The authors of this paper, led by Dr. Ka He, M.D., assistant professor of nutrition and epidemiology at the University of North Carolina at Chapel Hill School of Public Health, used data on 752 of the healthy Chinese men in INTERMAP. The INTERMAP (International collaborative of macronutrients and blood pressure) database is an epidemiological investigation designed to look for links between diets and blood pressure among 4,680 middle-age adults from four countries (UK, US, China and Japan). Beginning in 1995, INTERMAP researchers conducted four 24-hour dietary recall interviews, two 24-hour urine collections, and took eight blood pressure readings on each adult. All foods and drinks consumed in the previous 24 hours were recorded during each interview and coded into its computer database.
As Dr. Ka He and colleagues noted, most of the Chinese participants were from rural areas and rarely ate processed or restaurant foods, meaning the MSG in foods they prepared at home could be more precisely measured and would most accurately reflect the total amount of MSG in their diet. MSG was used by 82.4% of the rural Chinese in their homecooking.

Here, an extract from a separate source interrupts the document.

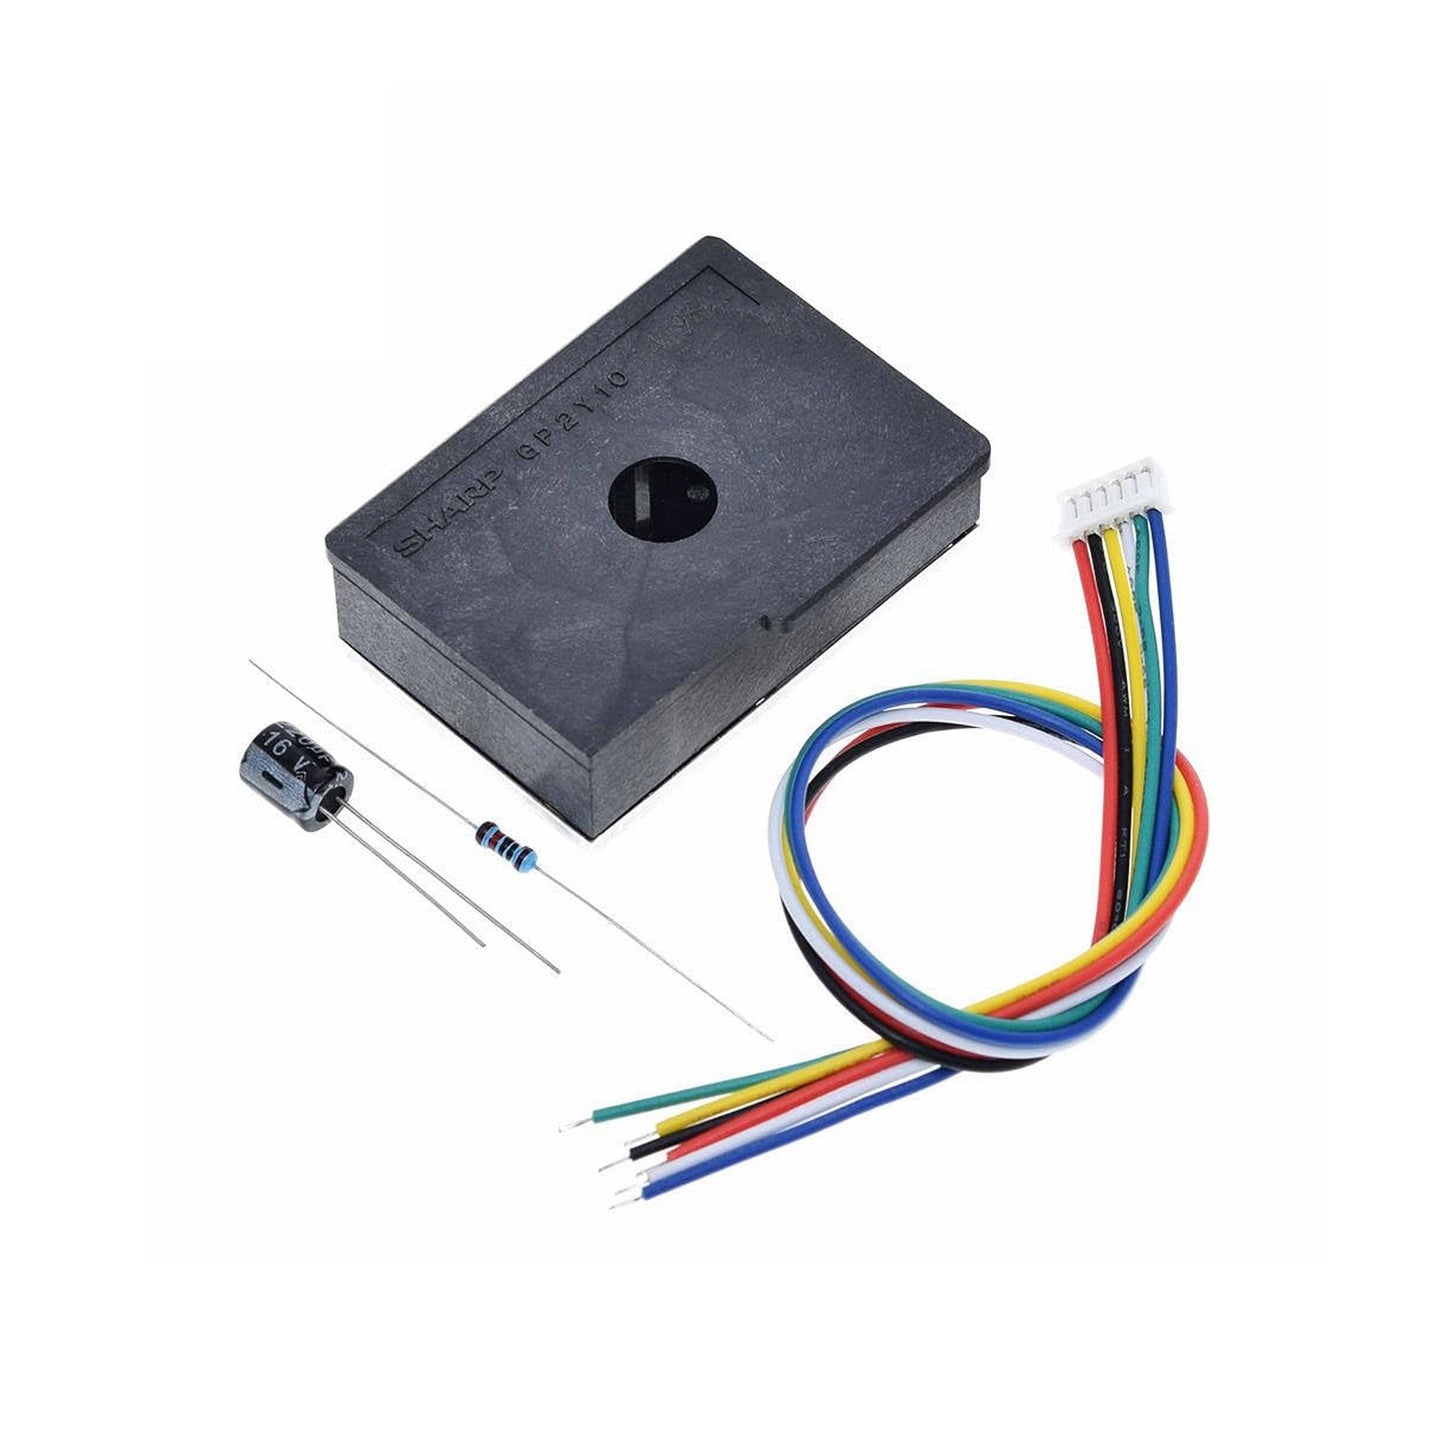 Optical Dust Sensor Module PM2.5 GP2Y1010AU0F Dust Smoke Particle Sensor /w Cable Capacitor Resistor - AB068 - REES52

For this analysis, the authors used the average MSG intakes from the four interviews for each person.
They then applied computer modeling to look for correlations between MSG usage, as divided into tertiles, and the percentage of those with BMIs in the overweight categories.
There was little real difference in the actual average BMIs associated with those not using MSG and those using the most: an actual difference of only 1.2 units. But when expressed in terms of the percentage of those whose BMIs crossed the threshold of BMI ≥25, it led to the report that 30% of the highest users of MSG were associated with overweight compared to 12% of non MSG users — an adjusted odds ratio of 2.75.

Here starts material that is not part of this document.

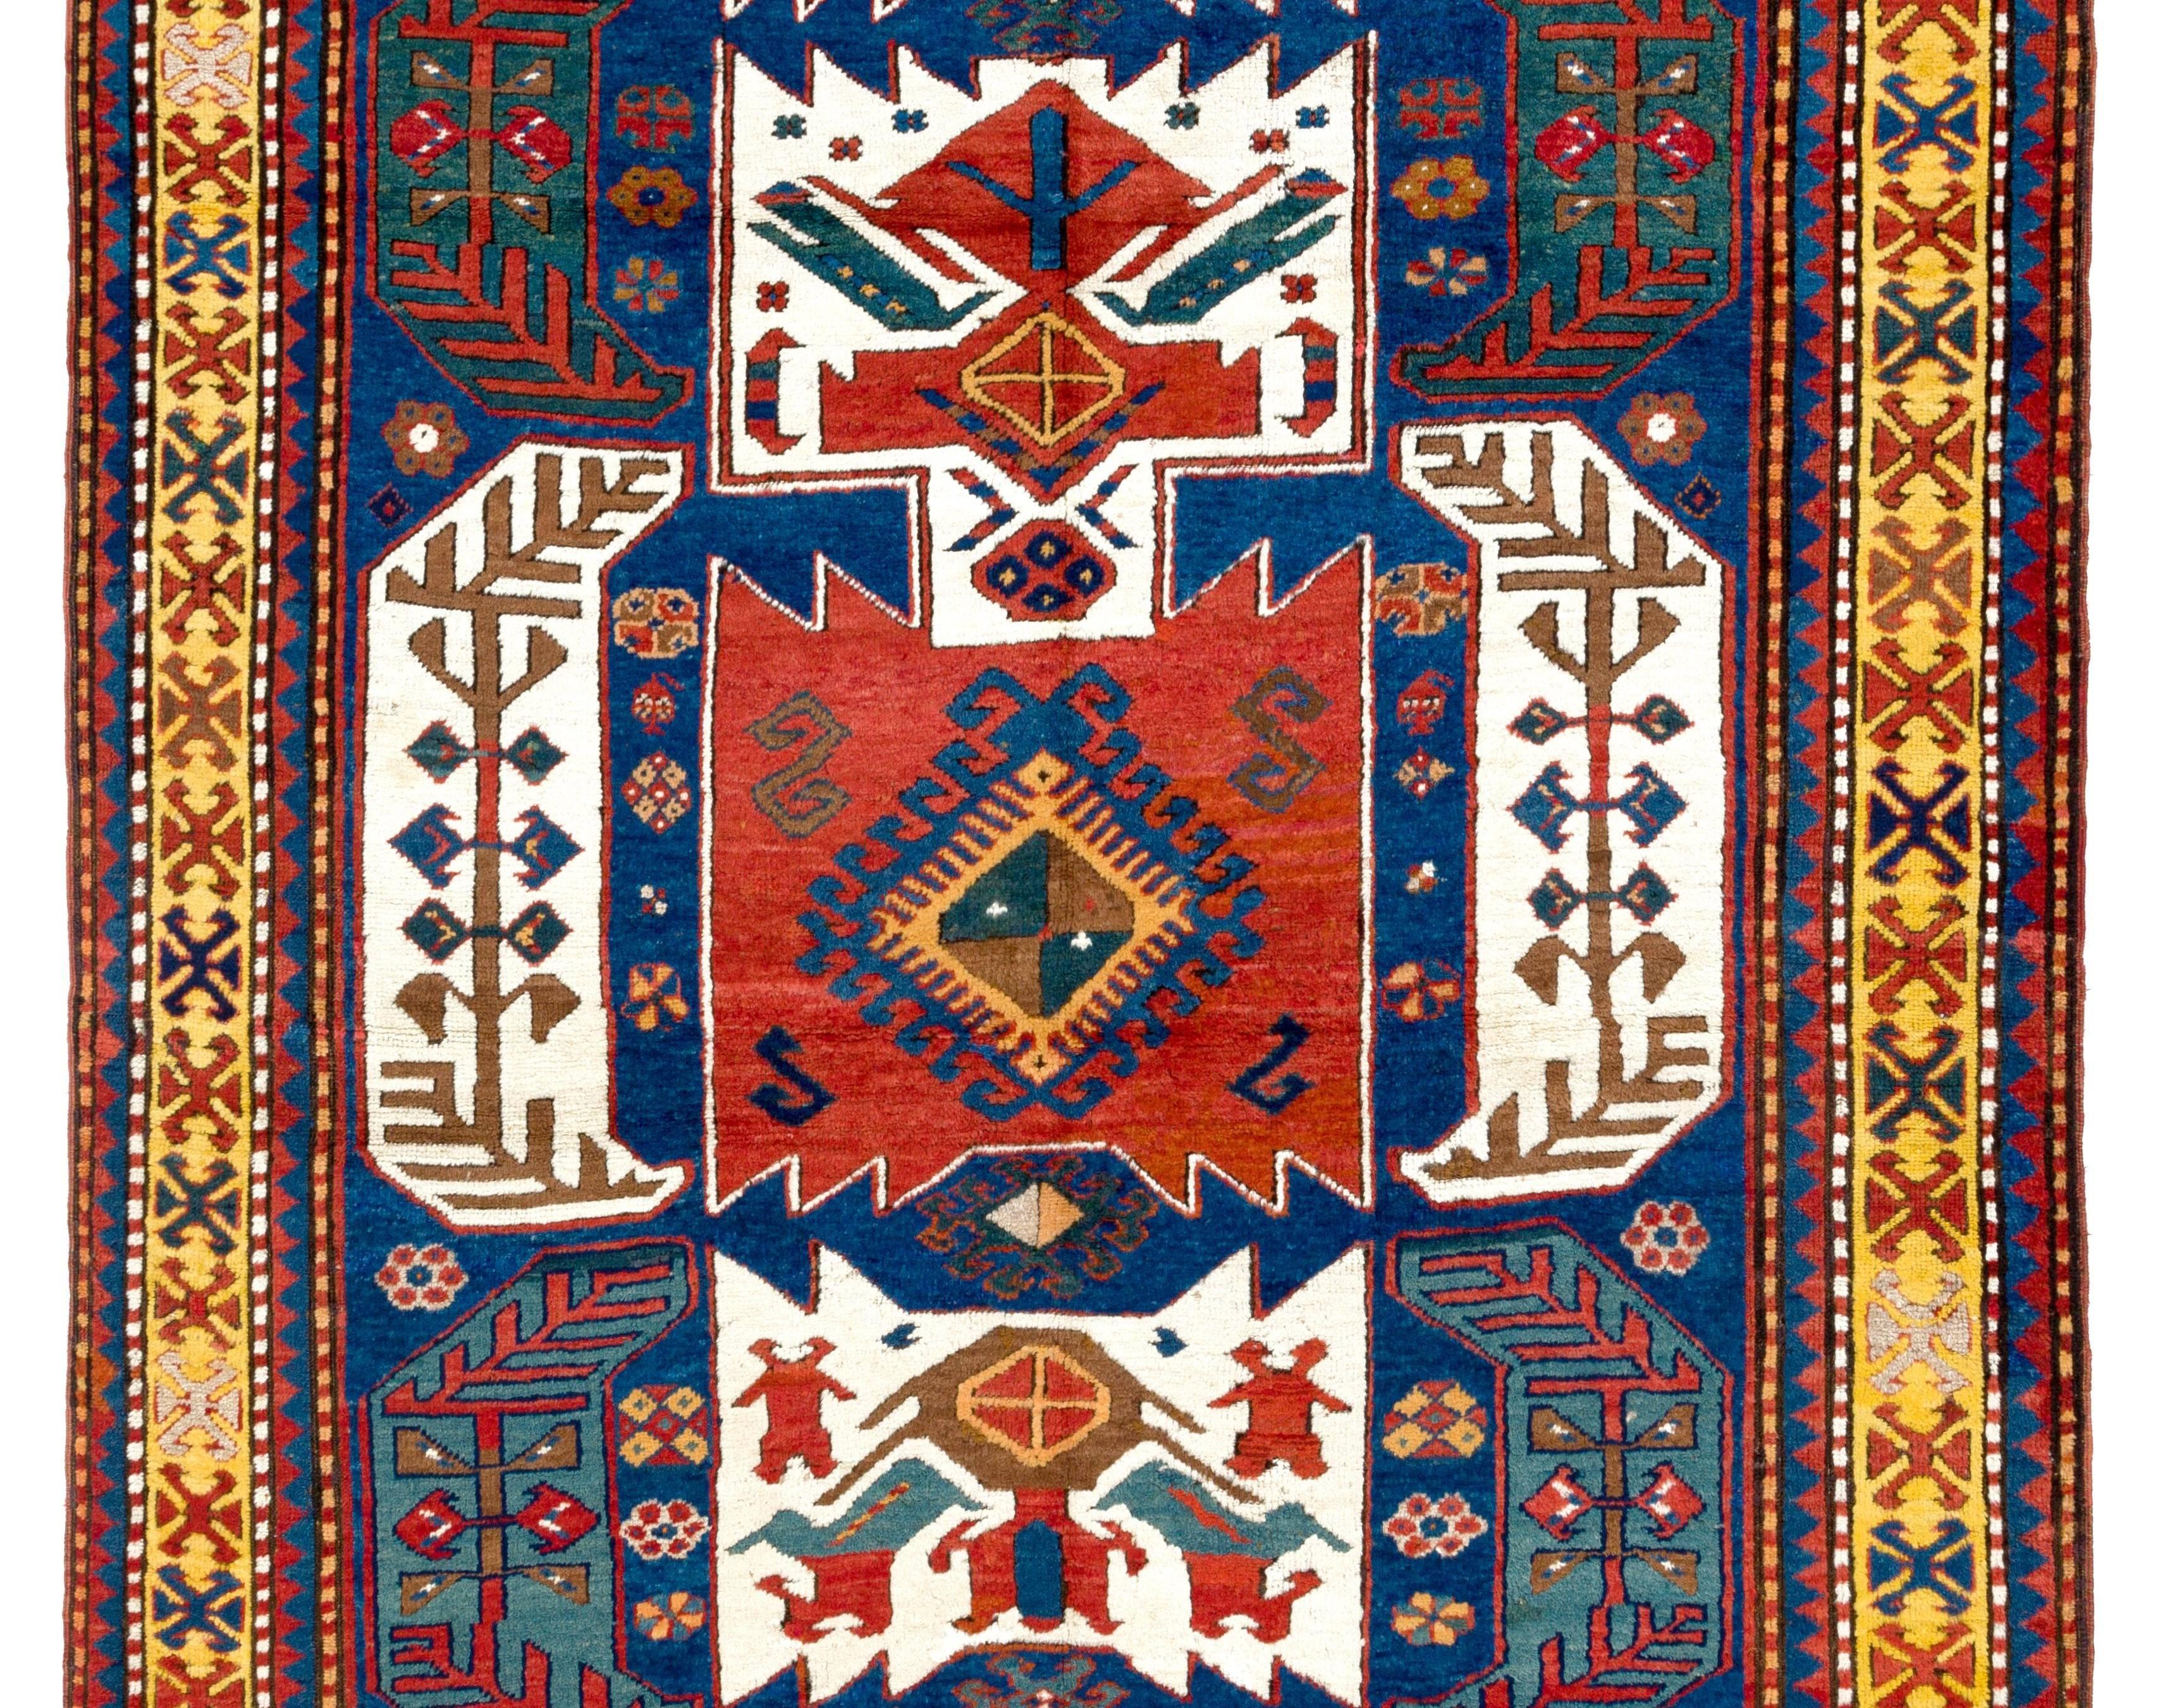 Hand-Knotted 5.4 x 9 Ft Antique Caucasian Kasim Ushak Kazak Rug. Excellent Original Condition

Although this might sound like a big correlation, given the poorly tenable odds ratios for this type of study, it’s another example of a data dredge statistical coincidence. As readers remember, when a computer culls through enough data, the law of truly large numbers means the probability increases that it will find all sorts of amazing, and meaningless, correlations.
This week’s news stories have uncritically reported on this study from the UNC press release and the headlines quickly moved from “MSG use linked to obesity” to turn the correlation into a causation with “MSG May Lead To Obesity” and then “MSG Spice Causes Obesity?”
And another food fear myth is born.
A closer look
But knowledge of biochemistry — as well as the body of evidence and every expert review of the effects and safety of MSG as consumed by humans — demonstrates this reported link between BMI and MSG is spurious.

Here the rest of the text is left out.